**TASK REQUIREMENTS:**
Leave out the pictures and repeat the data exactly.

**DATA EXCERPT:**

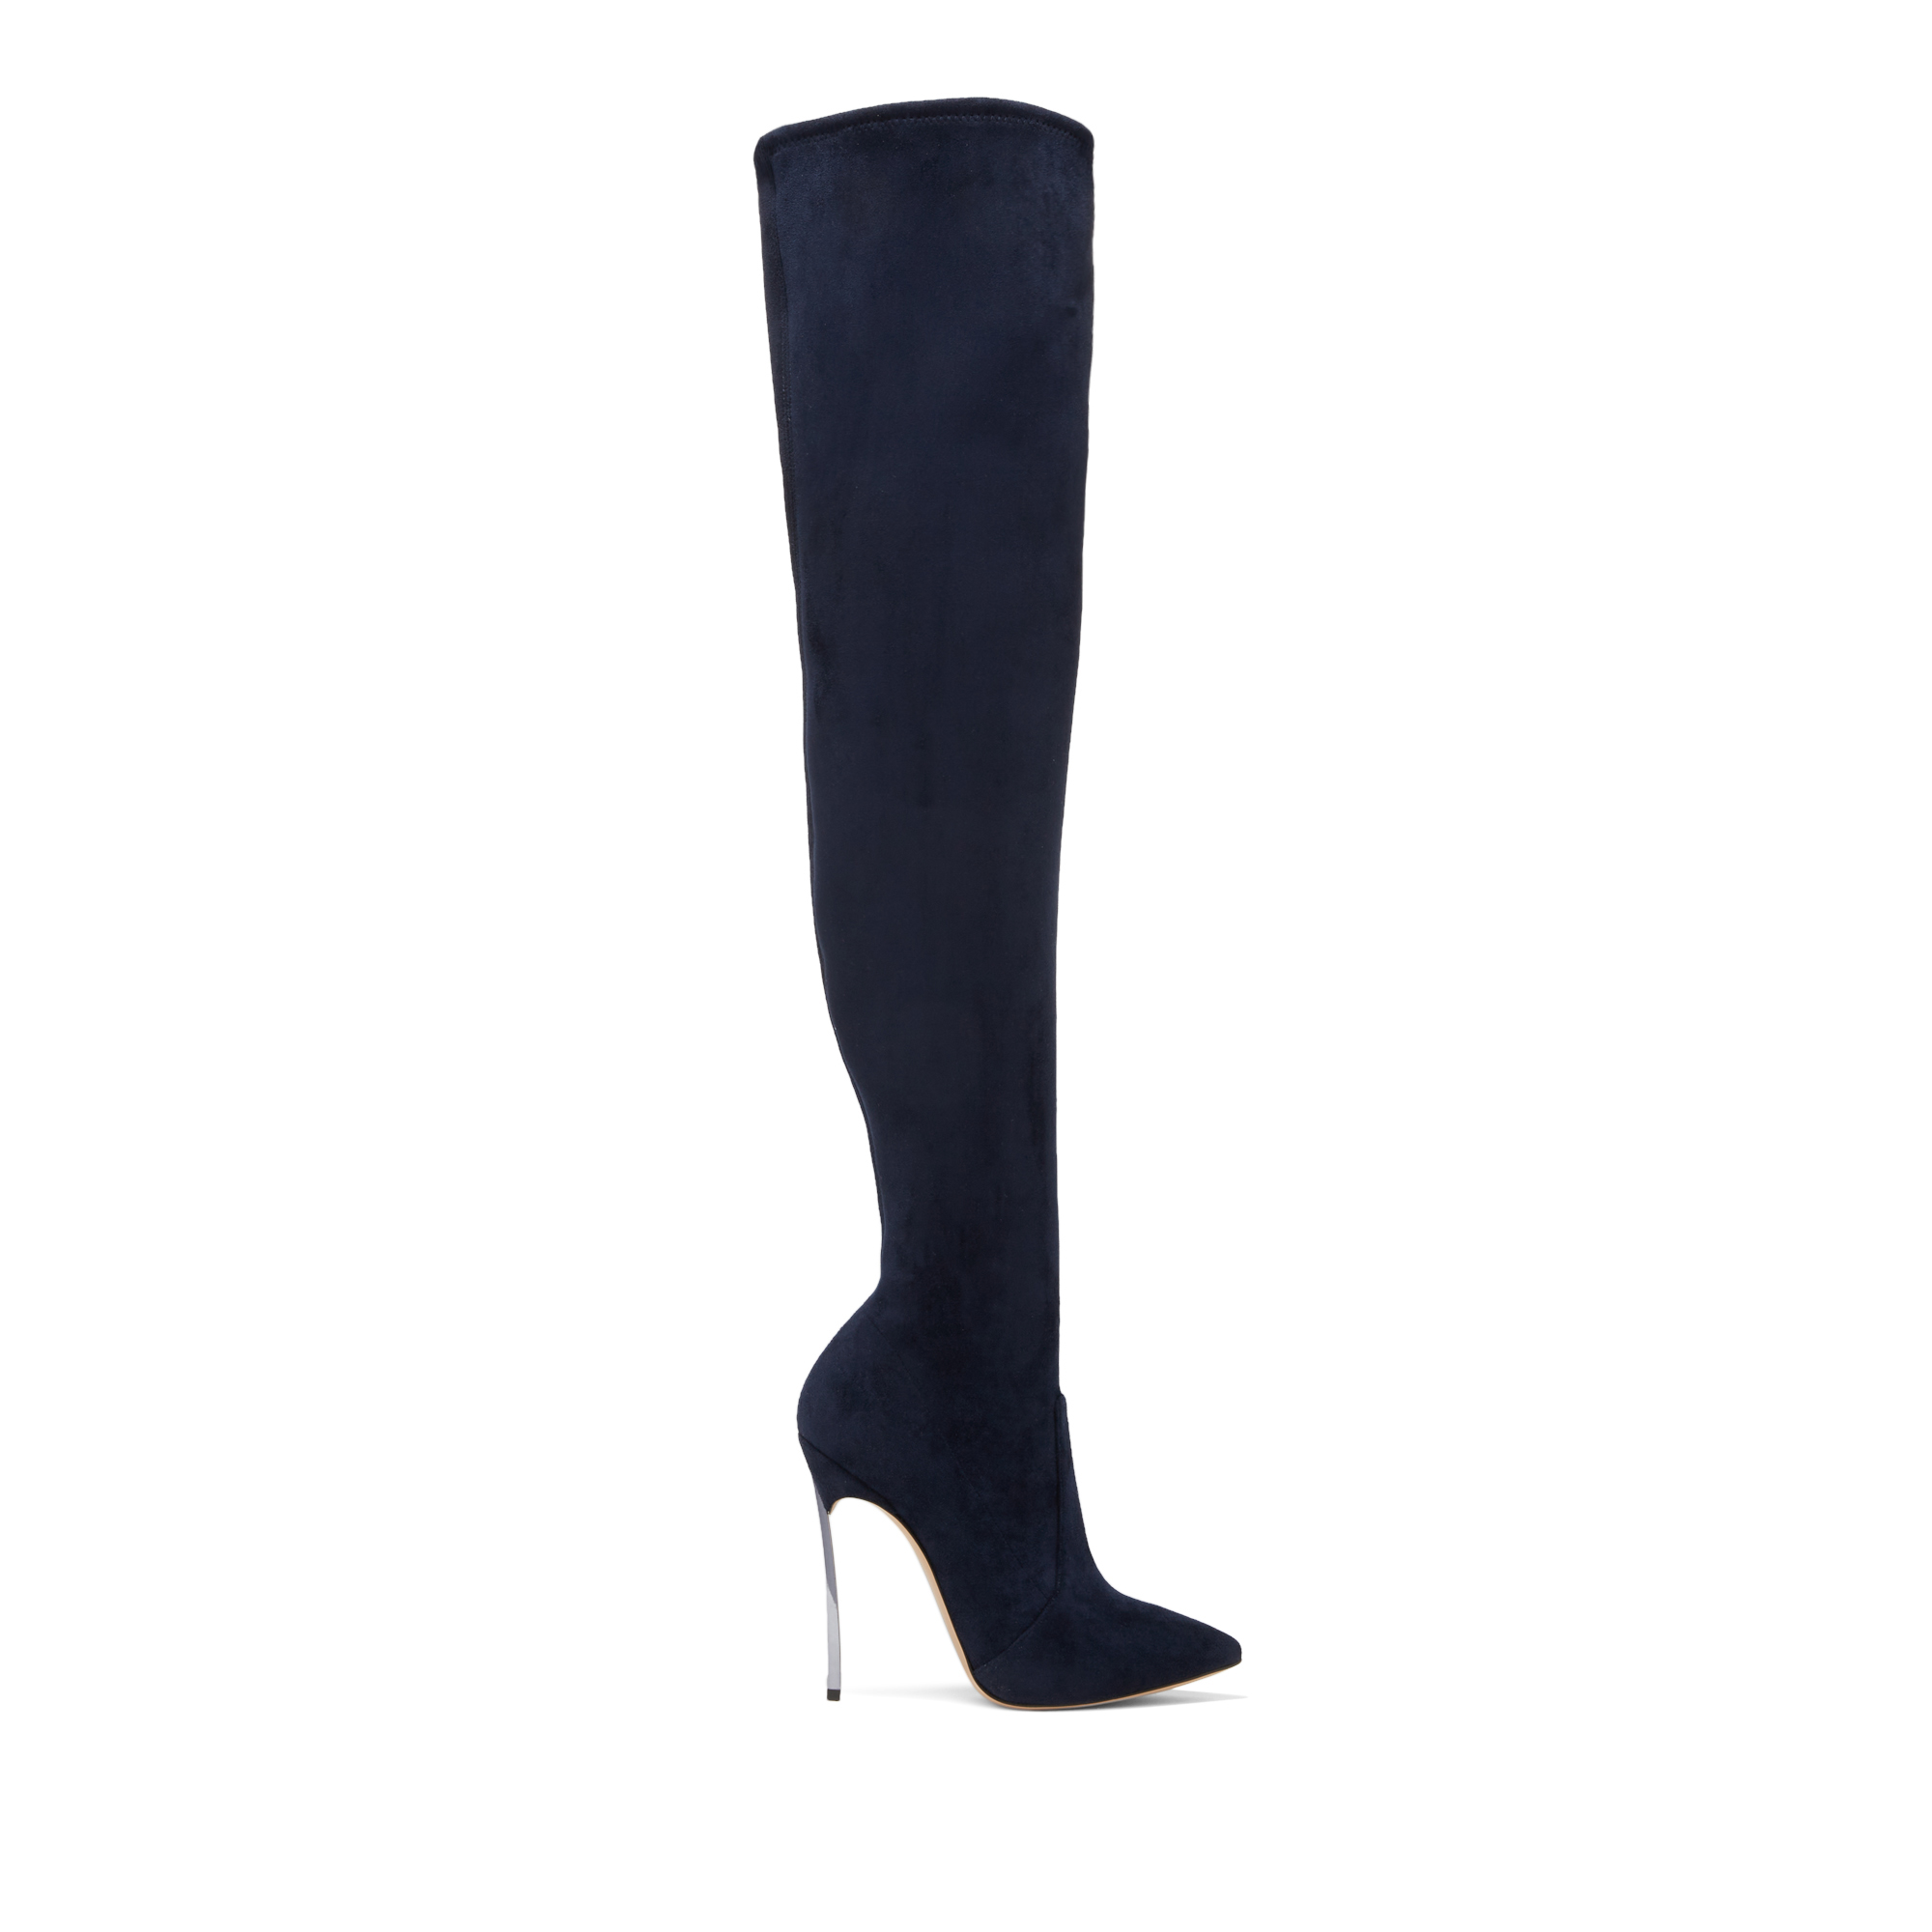 Casadei Blade Eco Suede - Woman Over The Knee Boots Prussian 39
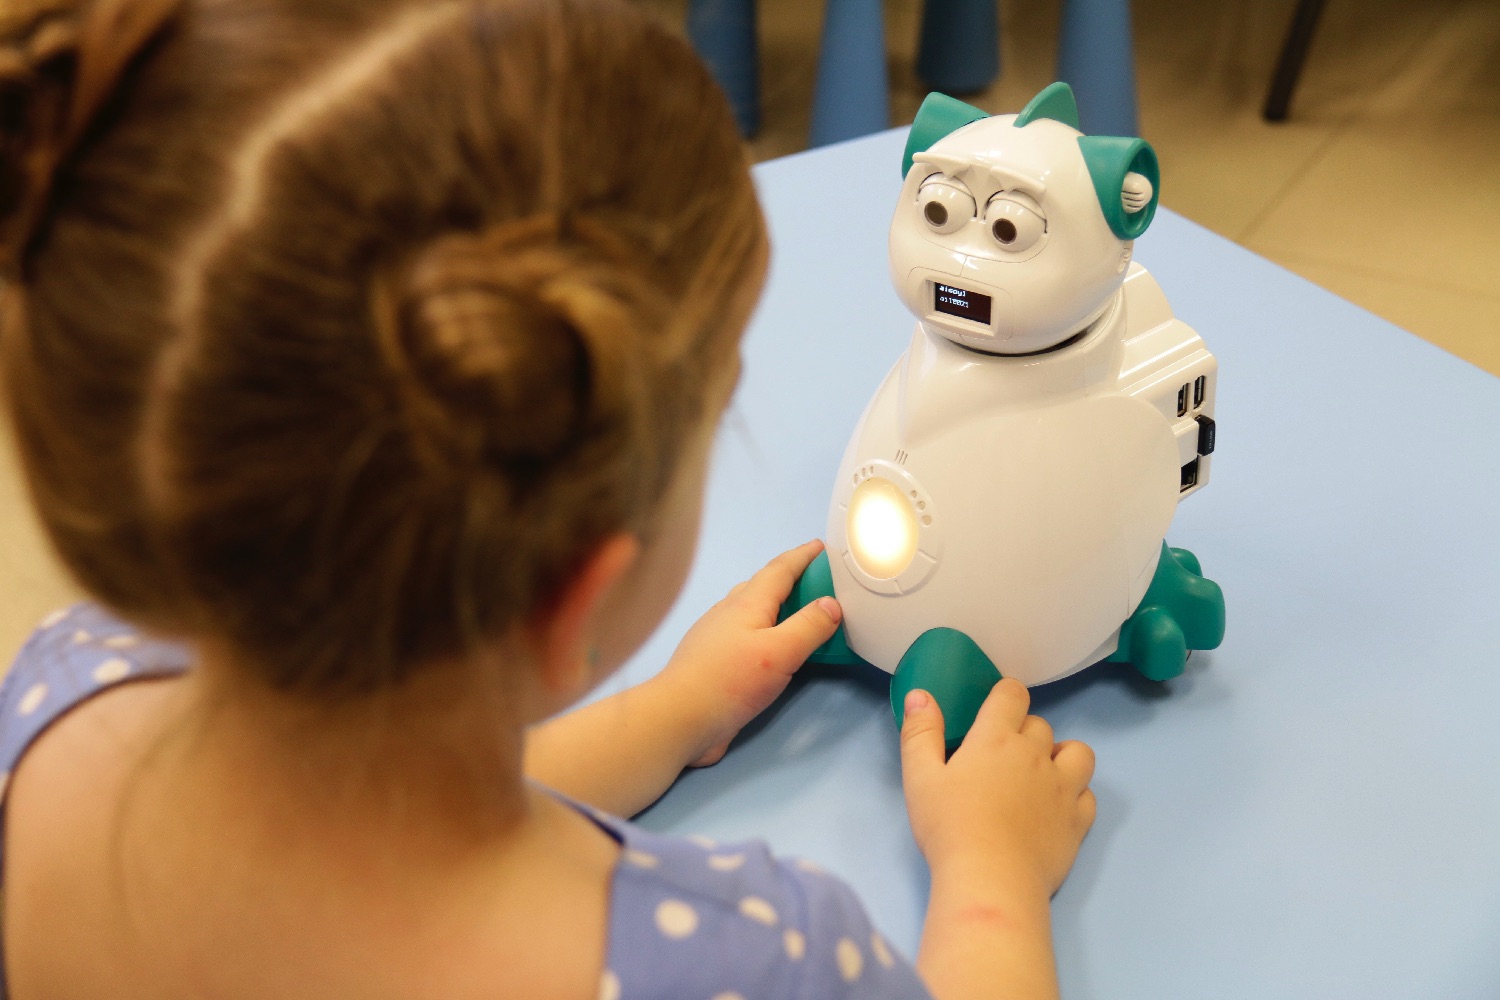 robot could help kids with autism mg 1014
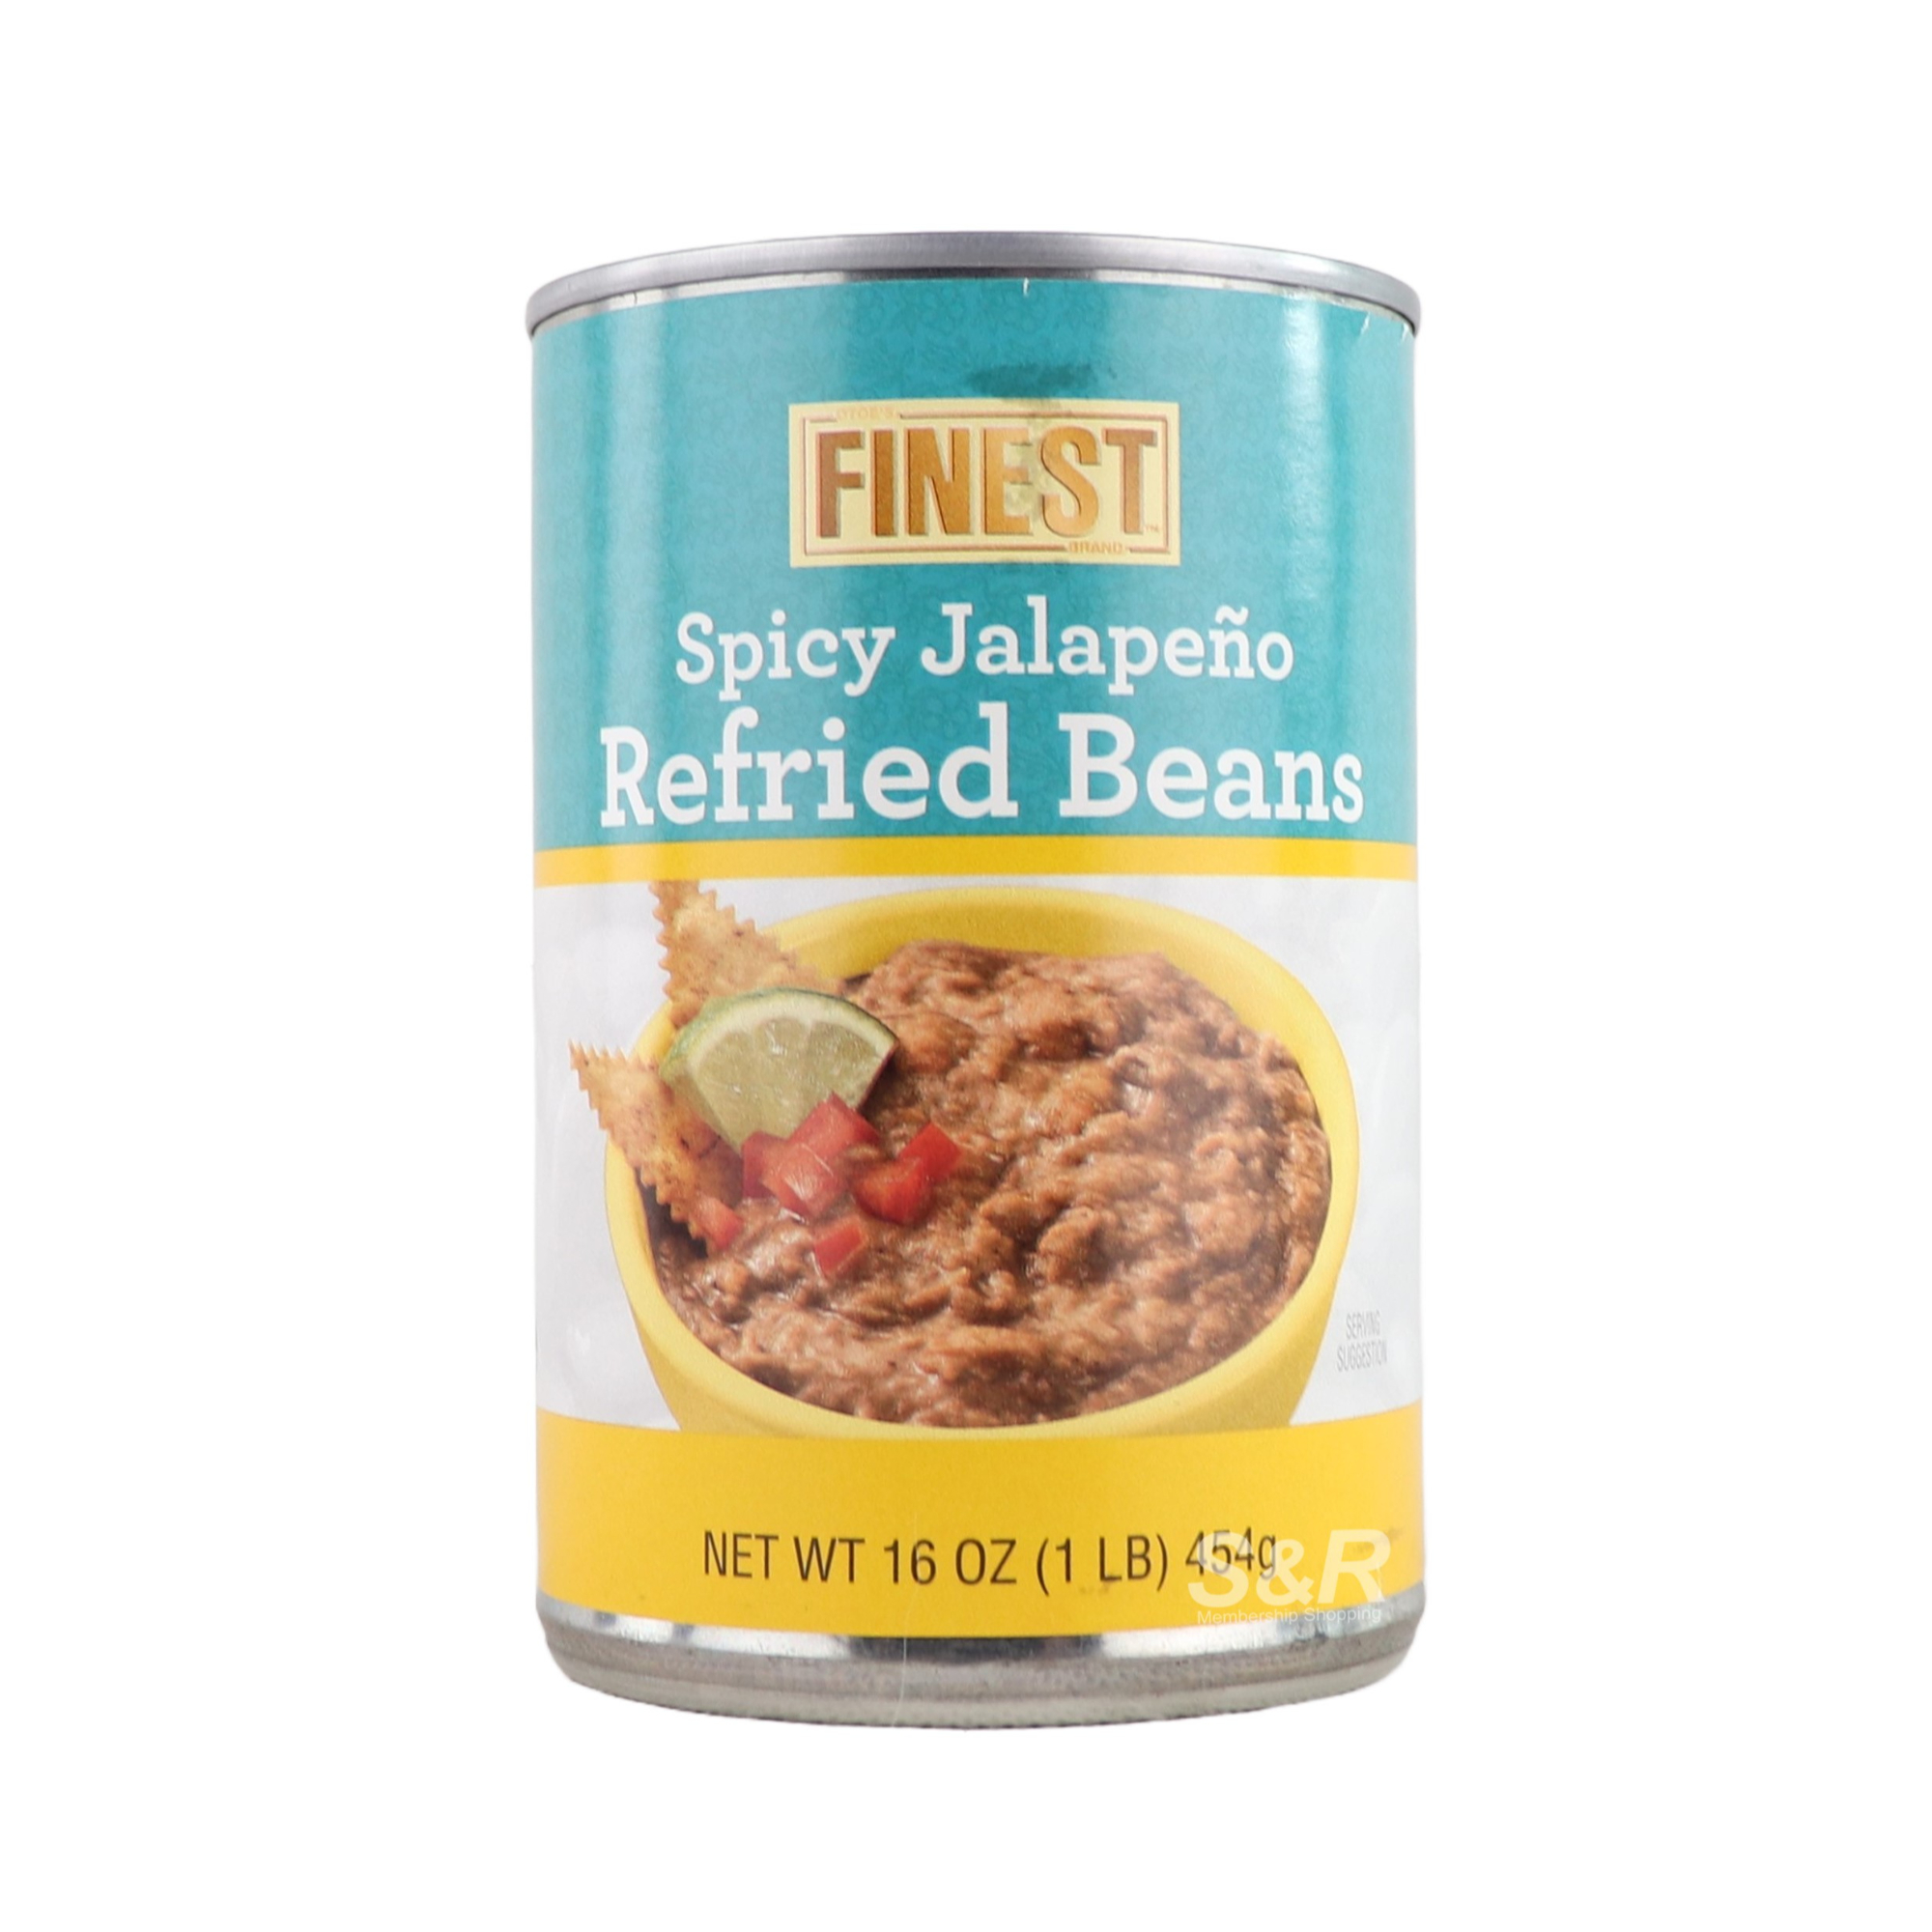 Finest Spicy Jalapeno Refried Beans 454g

**ANSWER FOR THE TASK:**
 Casadei Blade Eco Suede - Woman Over The Knee Boots Prussian 39
 robot could help kids with autism mg 1014
 Finest Spicy Jalapeno Refried Beans 454g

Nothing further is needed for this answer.